Maybe it’s the playgroup—and this is really offensive to everyone, sorry—where the child isn’t dumped as having had enough eye contact with an adult after early infancy. D.W. Winicott and Piaget and the “What to Expect” people make it very clear that young children need eye contact with an adult to feel validated, and to feel their egos develop appropriately. But what about as they grow?
How did it happen that the child who was so dutifully nurtured or over-nurtured at an early stage is the same teen who doesn’t sleep because of AP exams? Is it possible that no matter what culture you belong to, you have stopped making meaningful eye contact with your child because your child is busy and you are busy?

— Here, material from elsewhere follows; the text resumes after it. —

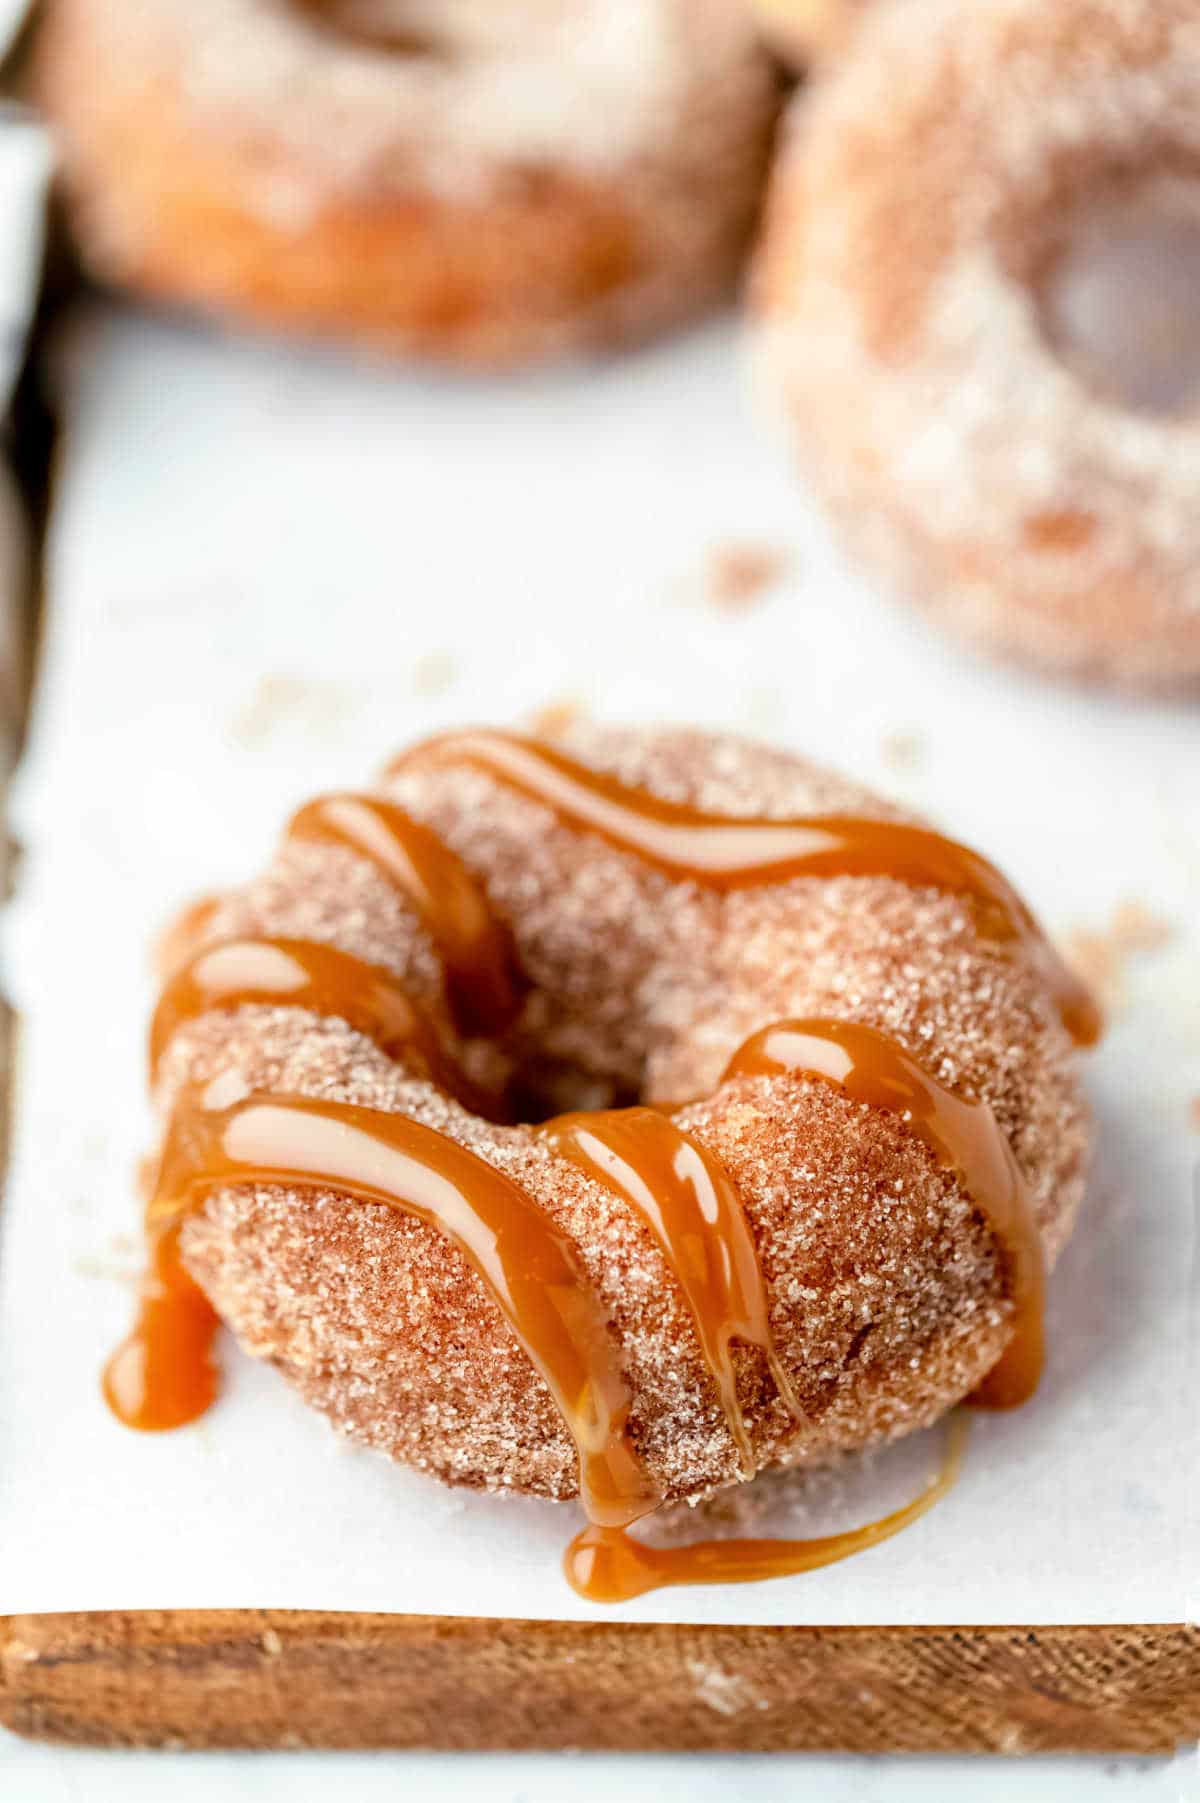 Churro donut topped with caramel.

Maybe that’s why all that dinner table research is supposed to be real: maybe children who eat dinner with their families do end up happier and higher functioning. It could be for a reason that is different from income group or cultural affiliation: it could be because they are valued at home, and someone has stopped being busy long enough to make eye contact with them.
I propose that if we can’t eat dinner together, we do something that involves eye contact. I think it would be good for me, the same way having a cockapoo at the door when I come home from a long night of trying to work and raise my children makes me feel better. The cockapoo looks me in the eye and says, Yes, you are worthy. And I feel worthy. If we can’t all be Chinese and our children are so busy playing soccer, basketball and football that they all have concussions, maybe we could at least make an AP board game and play it, and then look up at children who are smarter than we are when we mess up. And if we look high enough, we just might see some paper cranes in the sky.